● **Data excerpt**
--
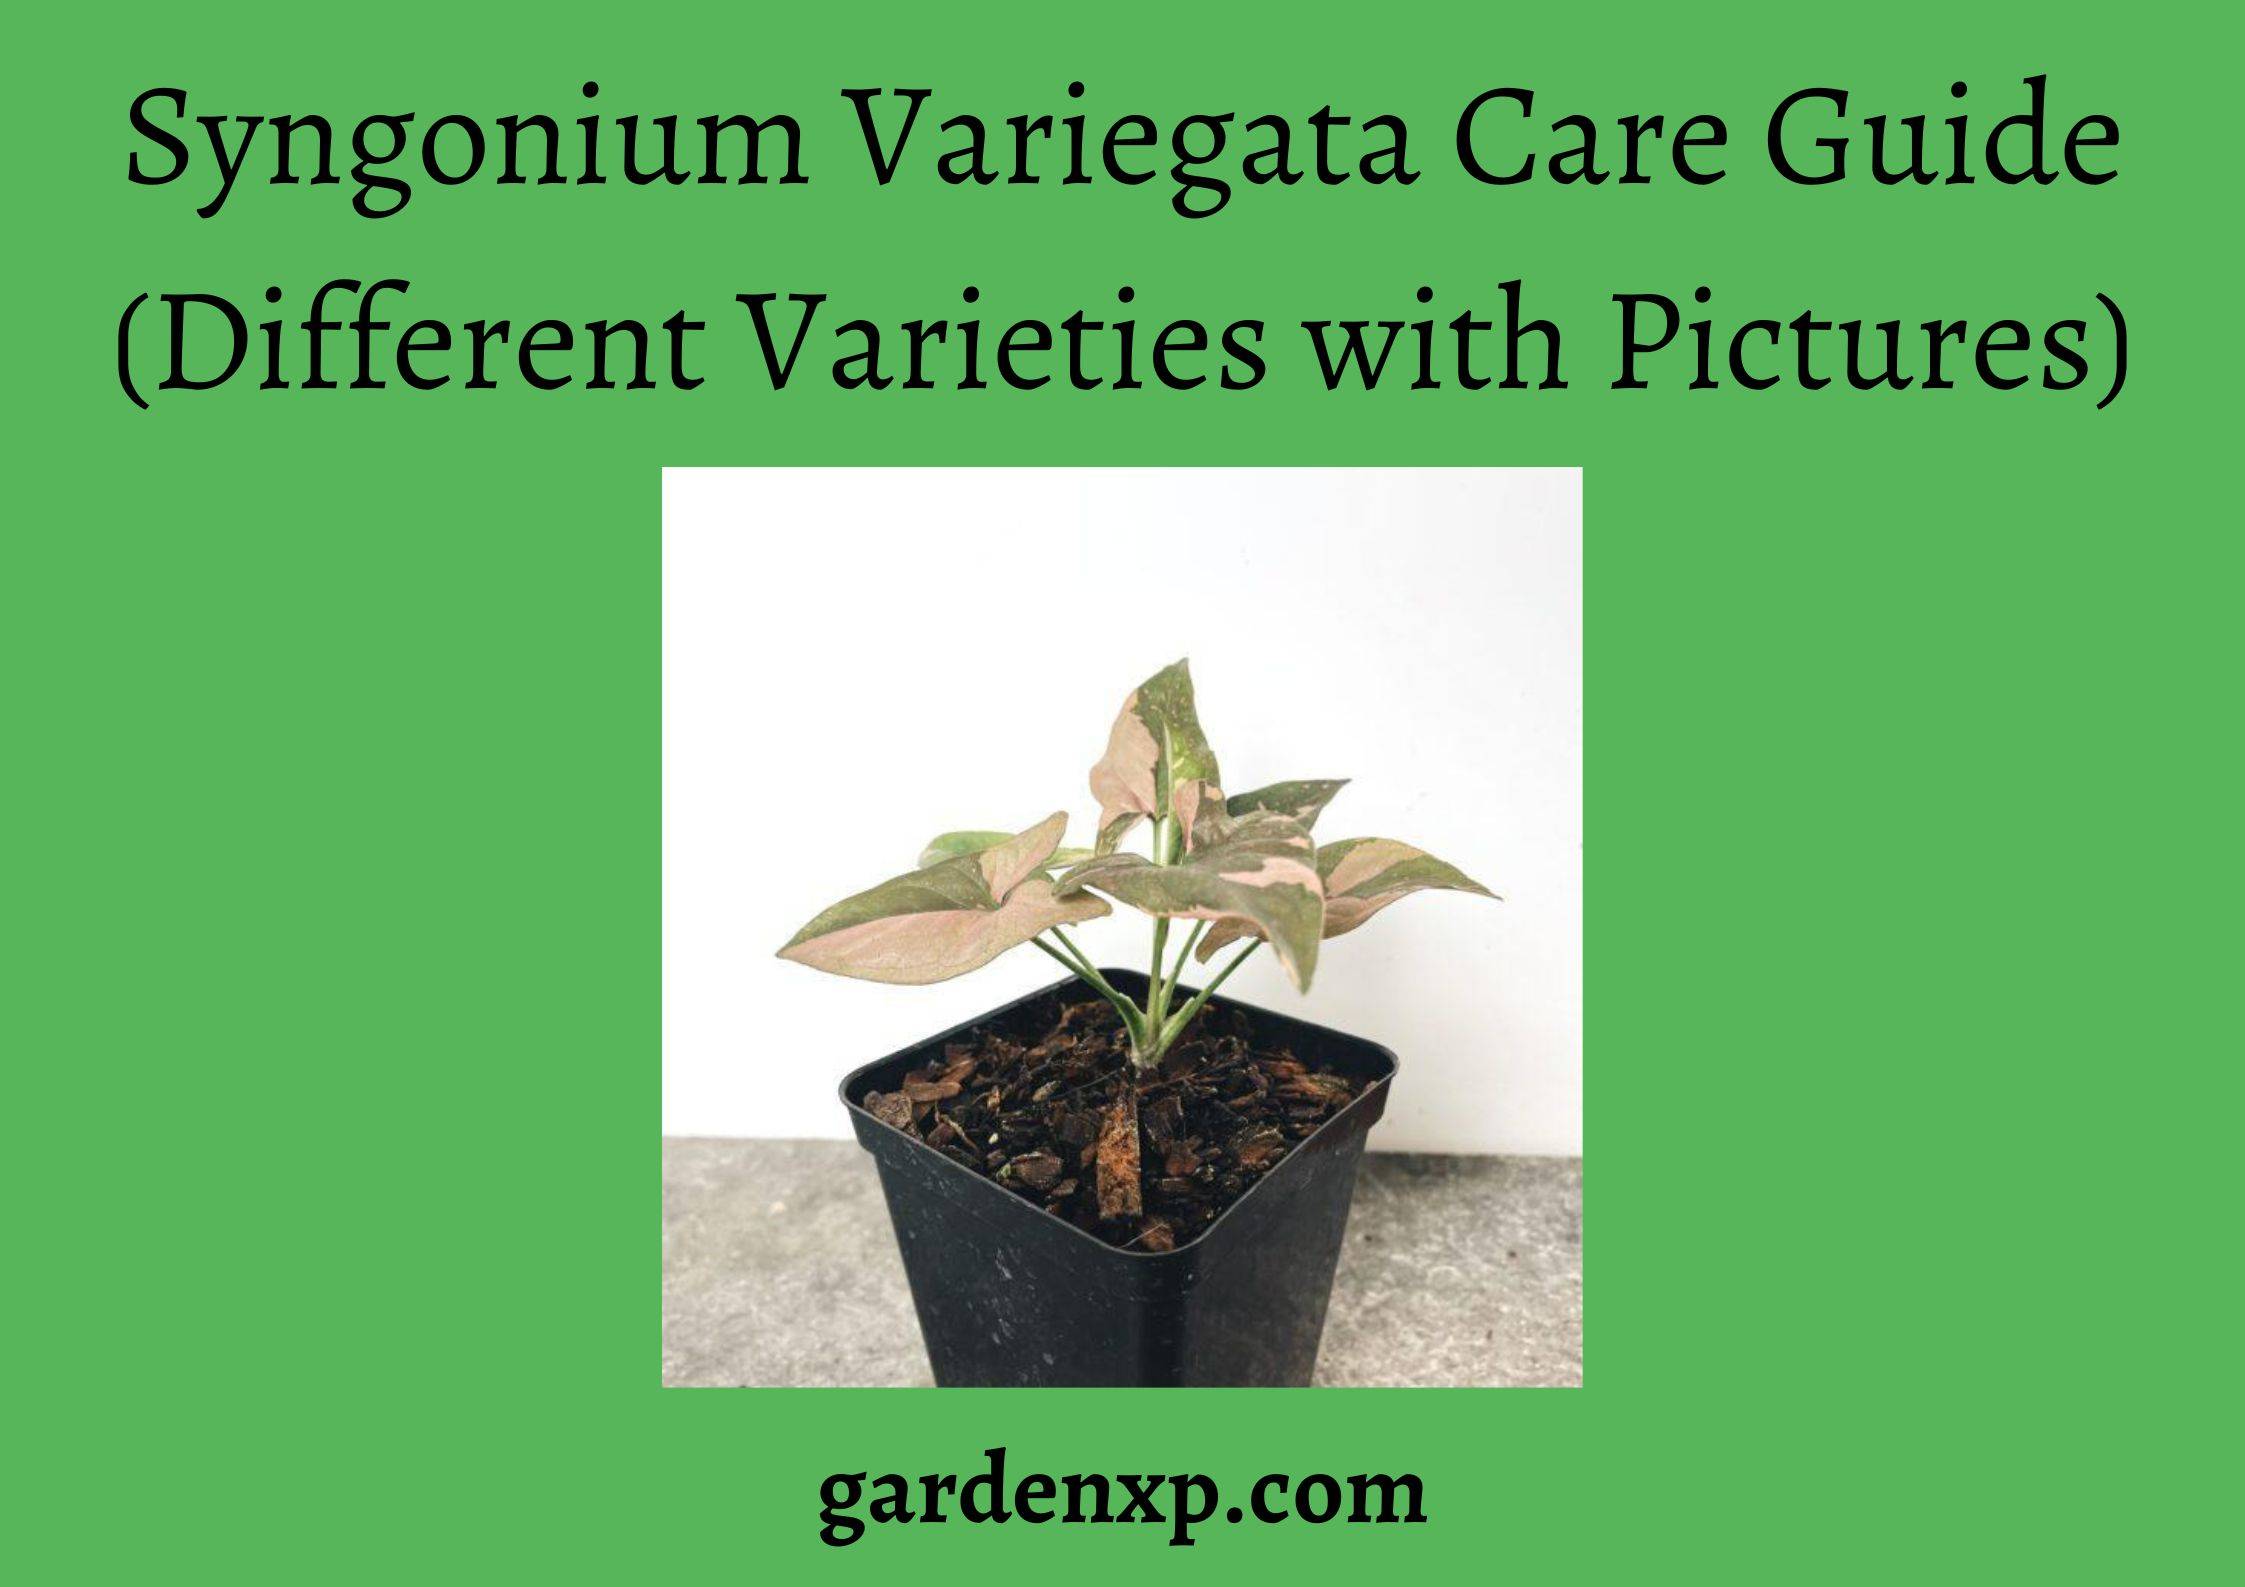 Syngonium Variegata Care Guide (Different Varieties with Pictures)
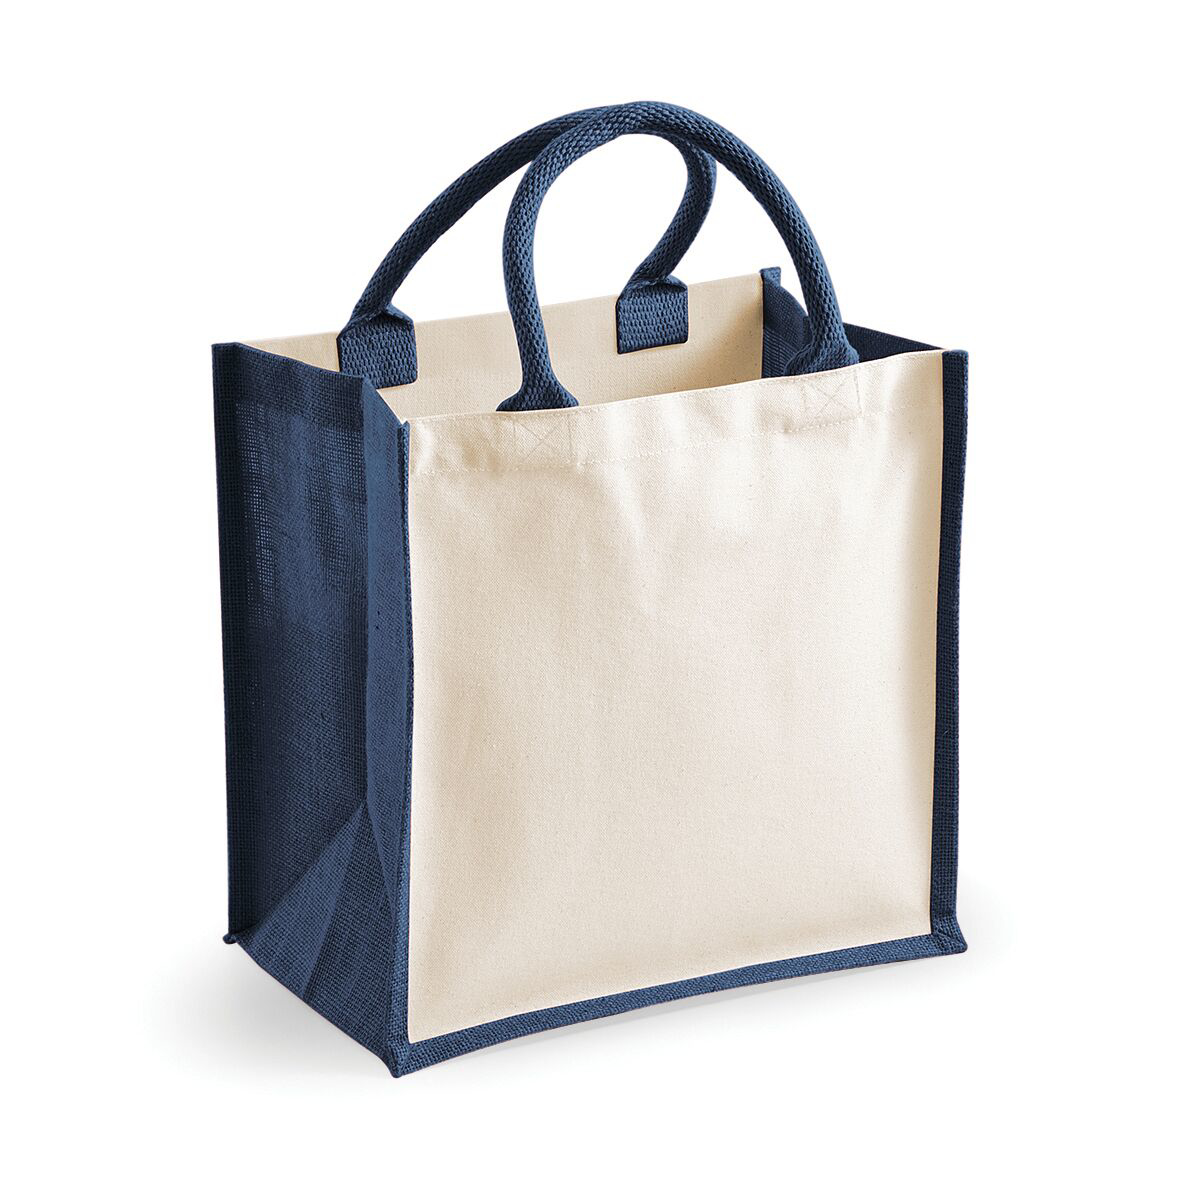 natural jute bag with navy side panels and short handles
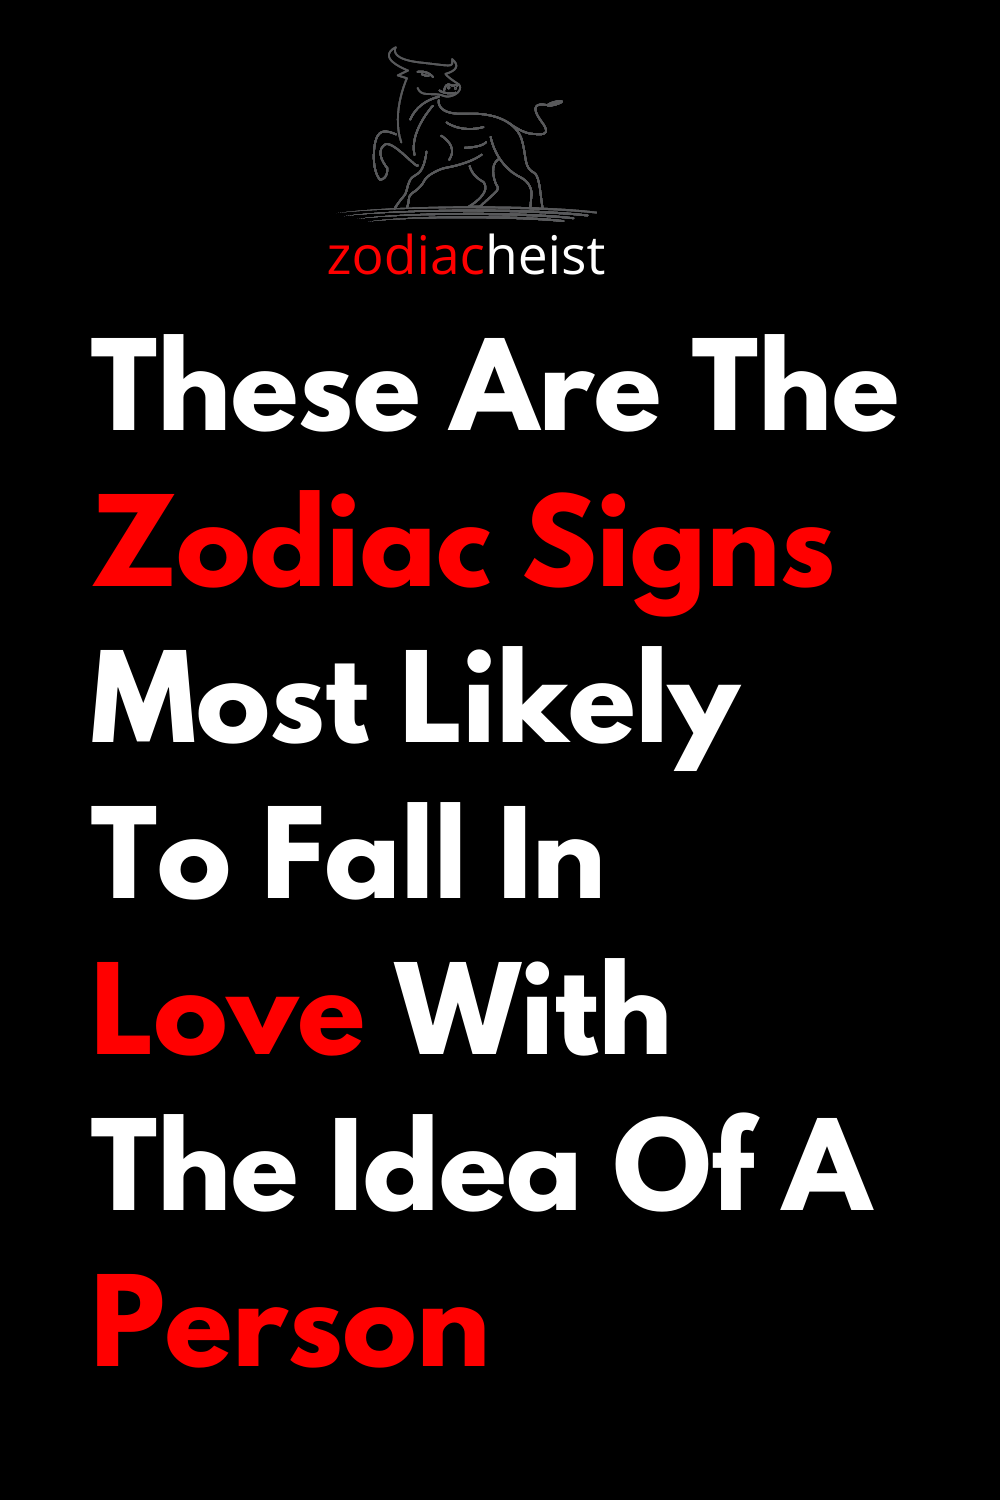 These Are The Zodiac Signs Most Likely To Fall In Love With The Idea Of A Person
--
● **To do**
Full transcription of the material, exact in every line, without images.

● **Response area**
 Syngonium Variegata Care Guide (Different Varieties with Pictures)
 natural jute bag with navy side panels and short handles
 These Are The Zodiac Signs Most Likely To Fall In Love With The Idea Of A Person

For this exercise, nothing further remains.